Como era previsible, la barbarie terrorista desencadenada sobre París –lo mismo ocurrió con la barbarie desatada sobre Nueva York, Londres o Madrid–, así como la posterior intervención en Siria contra Estado Islámico, ha vuelto a reanudar –igualmente a lo sucedido en Afganistán e Irak hace unos años– la vieja polémica sobre la guerra y la paz. Para unos, la guerra engendra más violencia y más guerra. Para otros, existen determinadas situaciones en que la guerra resulta ineludible. Pacifistas contra militaristas, por utilizar el tópico dominante. Conviene detenerse en la cuestión.
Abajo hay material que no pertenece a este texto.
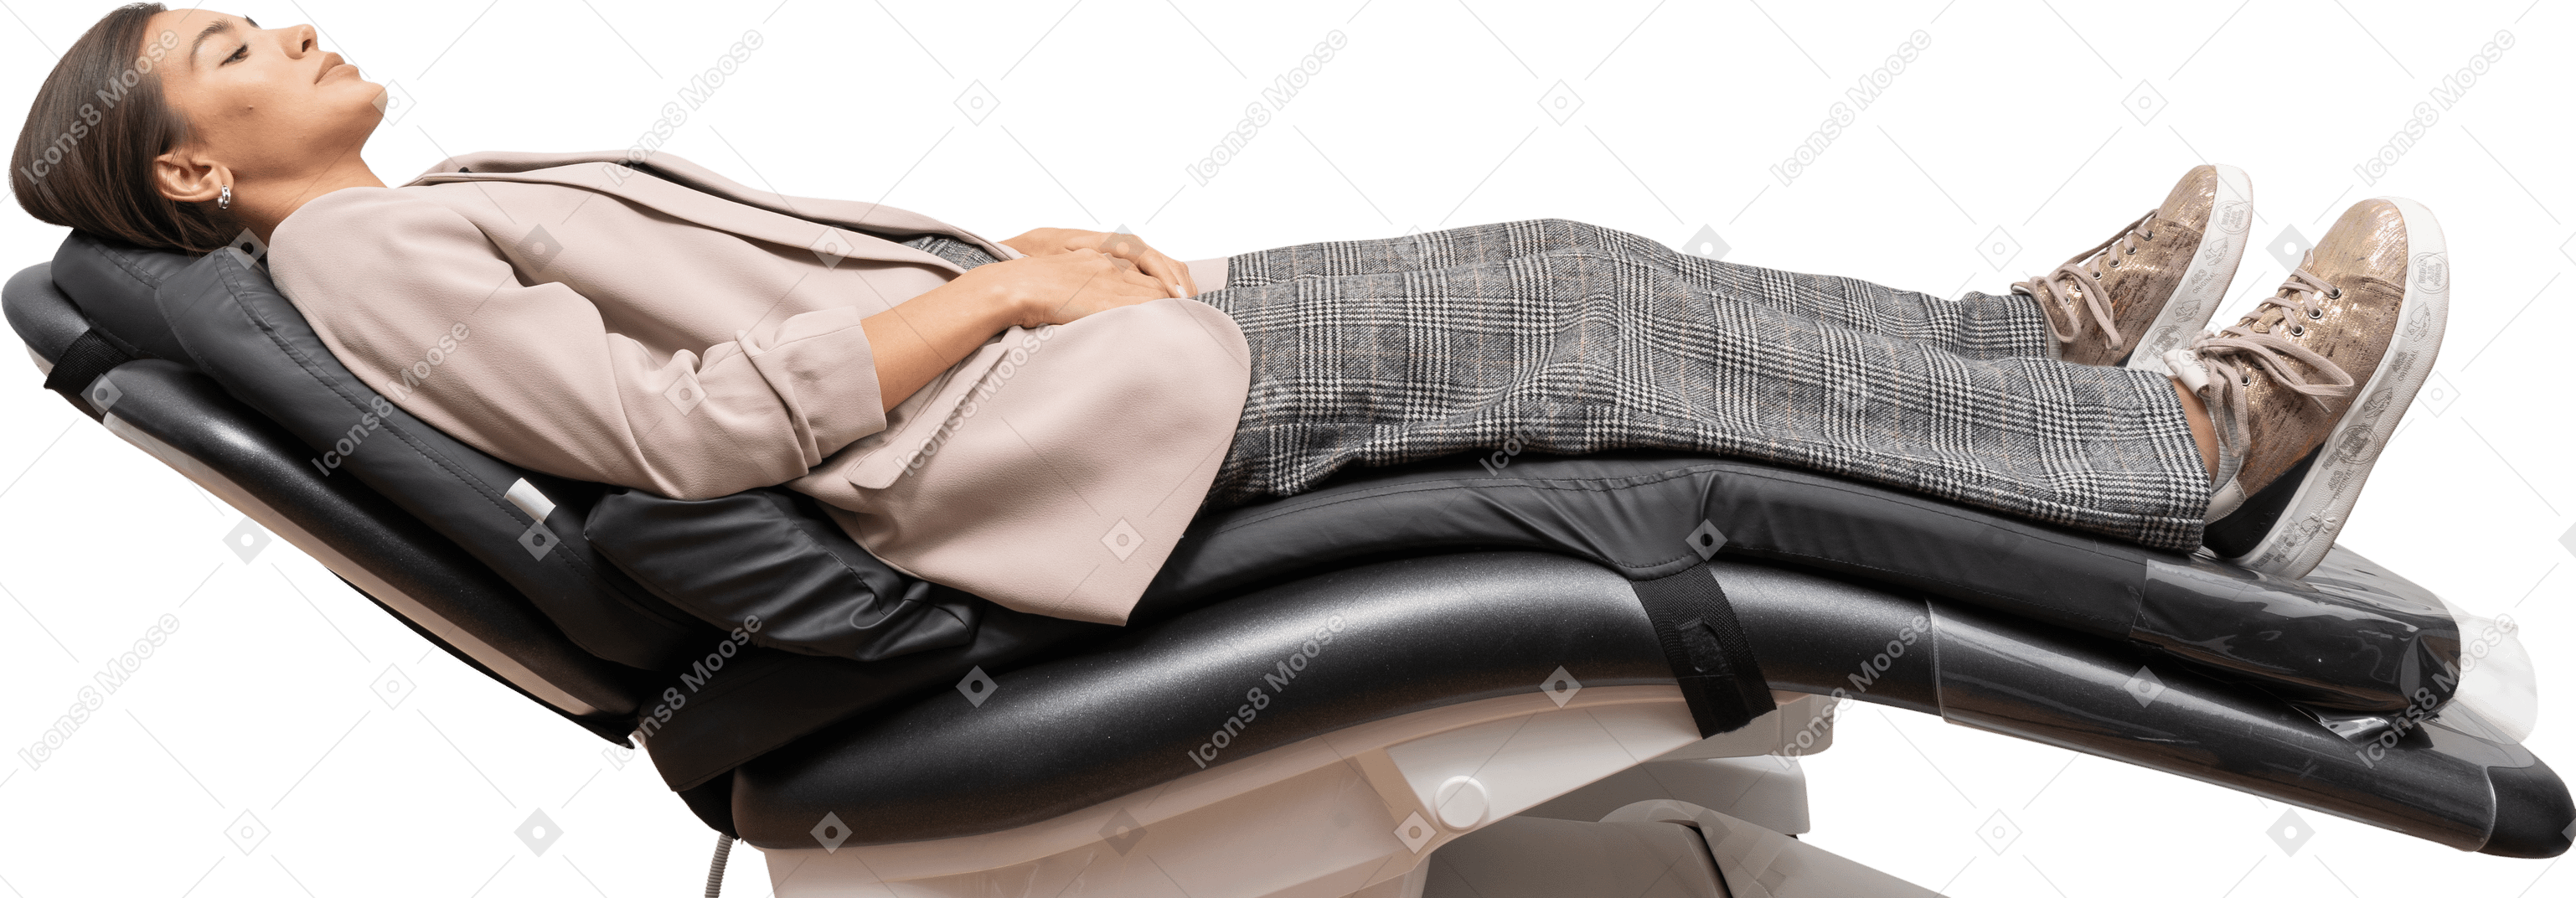 Pleine longueur d'une patiente endormie allongée sur une chaise d'hôpital

Sin circunloquio alguno: el pacifismo incurre en un par de vicios originales que falsan su ideario. Primer vicio: creer en la posibilidad de reconciliar el género humano por la vía exclusivamente pacífica. Segundo vicio: creer que la paz es un valor absoluto o un universal empírico del género humano. Nada de eso es cierto. Para empezar, el deseo de reconciliar el género humano por la vía exclusivamente pacífica es un postulado antropológico que choca una y otra vez con la dura realidad. ¿Habrá que recordar que, con frecuencia, la reconciliación y la paz sólo han sido posibles –un ejemplo dramático: la Segunda Guerra Mundial– gracias a la coacción y la guerra? Para continuar, hay que dejar claro que los únicos valores absolutos del género humano son la libertad y la vida digna, y no la mera vida como defiende un pacifismo que deviene zoologismo.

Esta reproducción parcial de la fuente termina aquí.